RECORDS SUPPLIED.
******************************
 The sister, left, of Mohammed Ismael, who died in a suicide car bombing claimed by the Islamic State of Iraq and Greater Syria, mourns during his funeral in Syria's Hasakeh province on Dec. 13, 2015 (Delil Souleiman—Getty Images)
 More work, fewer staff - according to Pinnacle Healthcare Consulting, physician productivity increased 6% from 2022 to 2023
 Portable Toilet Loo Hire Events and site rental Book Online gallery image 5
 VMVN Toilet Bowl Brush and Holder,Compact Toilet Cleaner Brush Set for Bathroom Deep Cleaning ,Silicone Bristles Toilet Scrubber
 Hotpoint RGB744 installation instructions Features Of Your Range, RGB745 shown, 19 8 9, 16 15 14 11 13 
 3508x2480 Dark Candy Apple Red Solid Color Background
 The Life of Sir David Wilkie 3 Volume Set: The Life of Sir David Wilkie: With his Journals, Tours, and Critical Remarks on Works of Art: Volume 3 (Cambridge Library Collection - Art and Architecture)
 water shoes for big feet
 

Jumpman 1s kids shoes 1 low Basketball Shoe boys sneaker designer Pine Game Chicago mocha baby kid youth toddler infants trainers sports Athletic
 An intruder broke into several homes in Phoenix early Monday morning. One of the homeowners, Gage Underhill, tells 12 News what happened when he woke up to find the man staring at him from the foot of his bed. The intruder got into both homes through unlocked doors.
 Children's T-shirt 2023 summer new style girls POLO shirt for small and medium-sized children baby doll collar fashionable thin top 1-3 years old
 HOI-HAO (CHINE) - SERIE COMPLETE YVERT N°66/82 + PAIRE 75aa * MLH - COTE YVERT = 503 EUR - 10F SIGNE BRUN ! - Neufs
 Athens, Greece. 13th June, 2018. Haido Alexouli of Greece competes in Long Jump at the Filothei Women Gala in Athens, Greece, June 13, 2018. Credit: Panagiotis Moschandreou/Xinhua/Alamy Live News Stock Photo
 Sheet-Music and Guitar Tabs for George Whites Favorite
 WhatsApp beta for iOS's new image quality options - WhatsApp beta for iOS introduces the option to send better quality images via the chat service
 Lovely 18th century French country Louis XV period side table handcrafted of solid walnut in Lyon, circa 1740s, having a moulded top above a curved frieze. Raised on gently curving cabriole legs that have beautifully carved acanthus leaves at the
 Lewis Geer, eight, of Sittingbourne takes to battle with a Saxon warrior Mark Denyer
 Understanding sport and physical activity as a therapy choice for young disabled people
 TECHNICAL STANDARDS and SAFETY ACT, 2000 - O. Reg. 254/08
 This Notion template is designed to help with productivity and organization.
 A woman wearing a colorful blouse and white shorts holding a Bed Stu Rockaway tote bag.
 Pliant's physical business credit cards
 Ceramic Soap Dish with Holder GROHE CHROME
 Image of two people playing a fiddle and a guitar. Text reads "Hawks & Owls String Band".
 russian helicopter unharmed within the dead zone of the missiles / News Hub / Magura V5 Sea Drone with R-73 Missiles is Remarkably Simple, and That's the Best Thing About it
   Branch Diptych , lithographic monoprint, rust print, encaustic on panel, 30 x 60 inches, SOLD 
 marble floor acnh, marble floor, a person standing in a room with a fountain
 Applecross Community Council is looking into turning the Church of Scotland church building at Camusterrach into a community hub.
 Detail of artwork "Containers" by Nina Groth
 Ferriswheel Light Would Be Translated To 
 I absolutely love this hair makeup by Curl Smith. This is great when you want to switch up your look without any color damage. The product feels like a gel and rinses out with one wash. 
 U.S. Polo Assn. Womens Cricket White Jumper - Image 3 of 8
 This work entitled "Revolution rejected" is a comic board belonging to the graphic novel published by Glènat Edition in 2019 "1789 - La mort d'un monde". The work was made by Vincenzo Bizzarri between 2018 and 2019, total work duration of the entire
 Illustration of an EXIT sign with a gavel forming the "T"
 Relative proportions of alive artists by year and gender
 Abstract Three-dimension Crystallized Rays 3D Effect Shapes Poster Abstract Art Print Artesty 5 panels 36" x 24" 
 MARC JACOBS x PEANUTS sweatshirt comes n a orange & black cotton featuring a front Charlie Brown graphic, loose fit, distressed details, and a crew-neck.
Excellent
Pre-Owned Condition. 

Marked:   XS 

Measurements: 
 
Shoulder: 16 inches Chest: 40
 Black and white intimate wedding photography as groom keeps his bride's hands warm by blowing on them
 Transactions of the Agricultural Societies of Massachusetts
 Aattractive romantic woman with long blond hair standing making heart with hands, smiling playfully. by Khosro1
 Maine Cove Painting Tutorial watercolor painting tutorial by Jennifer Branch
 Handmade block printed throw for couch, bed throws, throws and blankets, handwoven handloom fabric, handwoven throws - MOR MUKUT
******************************
PROMPT.
Write out the data exactly as it stands.

TASK RESPONSE.
 The sister, left, of Mohammed Ismael, who died in a suicide car bombing claimed by the Islamic State of Iraq and Greater Syria, mourns during his funeral in Syria's Hasakeh province on Dec. 13, 2015 (Delil Souleiman—Getty Images)
 More work, fewer staff - according to Pinnacle Healthcare Consulting, physician productivity increased 6% from 2022 to 2023
 Portable Toilet Loo Hire Events and site rental Book Online gallery image 5
 VMVN Toilet Bowl Brush and Holder,Compact Toilet Cleaner Brush Set for Bathroom Deep Cleaning ,Silicone Bristles Toilet Scrubber
 Hotpoint RGB744 installation instructions Features Of Your Range, RGB745 shown, 19 8 9, 16 15 14 11 13 
 3508x2480 Dark Candy Apple Red Solid Color Background
 The Life of Sir David Wilkie 3 Volume Set: The Life of Sir David Wilkie: With his Journals, Tours, and Critical Remarks on Works of Art: Volume 3 (Cambridge Library Collection - Art and Architecture)
 water shoes for big feet
 

Jumpman 1s kids shoes 1 low Basketball Shoe boys sneaker designer Pine Game Chicago mocha baby kid youth toddler infants trainers sports Athletic
 An intruder broke into several homes in Phoenix early Monday morning. One of the homeowners, Gage Underhill, tells 12 News what happened when he woke up to find the man staring at him from the foot of his bed. The intruder got into both homes through unlocked doors.
 Children's T-shirt 2023 summer new style girls POLO shirt for small and medium-sized children baby doll collar fashionable thin top 1-3 years old
 HOI-HAO (CHINE) - SERIE COMPLETE YVERT N°66/82 + PAIRE 75aa * MLH - COTE YVERT = 503 EUR - 10F SIGNE BRUN ! - Neufs
 Athens, Greece. 13th June, 2018. Haido Alexouli of Greece competes in Long Jump at the Filothei Women Gala in Athens, Greece, June 13, 2018. Credit: Panagiotis Moschandreou/Xinhua/Alamy Live News Stock Photo
 Sheet-Music and Guitar Tabs for George Whites Favorite
 WhatsApp beta for iOS's new image quality options - WhatsApp beta for iOS introduces the option to send better quality images via the chat service
 Lovely 18th century French country Louis XV period side table handcrafted of solid walnut in Lyon, circa 1740s, having a moulded top above a curved frieze. Raised on gently curving cabriole legs that have beautifully carved acanthus leaves at the
 Lewis Geer, eight, of Sittingbourne takes to battle with a Saxon warrior Mark Denyer
 Understanding sport and physical activity as a therapy choice for young disabled people
 TECHNICAL STANDARDS and SAFETY ACT, 2000 - O. Reg. 254/08
 This Notion template is designed to help with productivity and organization.
 A woman wearing a colorful blouse and white shorts holding a Bed Stu Rockaway tote bag.
 Pliant's physical business credit cards
 Ceramic Soap Dish with Holder GROHE CHROME
 Image of two people playing a fiddle and a guitar. Text reads "Hawks & Owls String Band".
 russian helicopter unharmed within the dead zone of the missiles / News Hub / Magura V5 Sea Drone with R-73 Missiles is Remarkably Simple, and That's the Best Thing About it
   Branch Diptych , lithographic monoprint, rust print, encaustic on panel, 30 x 60 inches, SOLD 
 marble floor acnh, marble floor, a person standing in a room with a fountain
 Applecross Community Council is looking into turning the Church of Scotland church building at Camusterrach into a community hub.
 Detail of artwork "Containers" by Nina Groth
 Ferriswheel Light Would Be Translated To 
 I absolutely love this hair makeup by Curl Smith. This is great when you want to switch up your look without any color damage. The product feels like a gel and rinses out with one wash. 
 U.S. Polo Assn. Womens Cricket White Jumper - Image 3 of 8
 This work entitled "Revolution rejected" is a comic board belonging to the graphic novel published by Glènat Edition in 2019 "1789 - La mort d'un monde". The work was made by Vincenzo Bizzarri between 2018 and 2019, total work duration of the entire
 Illustration of an EXIT sign with a gavel forming the "T"
 Relative proportions of alive artists by year and gender
 Abstract Three-dimension Crystallized Rays 3D Effect Shapes Poster Abstract Art Print Artesty 5 panels 36" x 24" 
 MARC JACOBS x PEANUTS sweatshirt comes n a orange & black cotton featuring a front Charlie Brown graphic, loose fit, distressed details, and a crew-neck.
Excellent
Pre-Owned Condition. 

Marked:   XS 

Measurements: 
 
Shoulder: 16 inches Chest: 40
 Black and white intimate wedding photography as groom keeps his bride's hands warm by blowing on them
 Transactions of the Agricultural Societies of Massachusetts
 Aattractive romantic woman with long blond hair standing making heart with hands, smiling playfully. by Khosro1
 Maine Cove Painting Tutorial watercolor painting tutorial by Jennifer Branch
 Handmade block printed throw for couch, bed throws, throws and blankets, handwoven handloom fabric, handwoven throws - MOR MUKUT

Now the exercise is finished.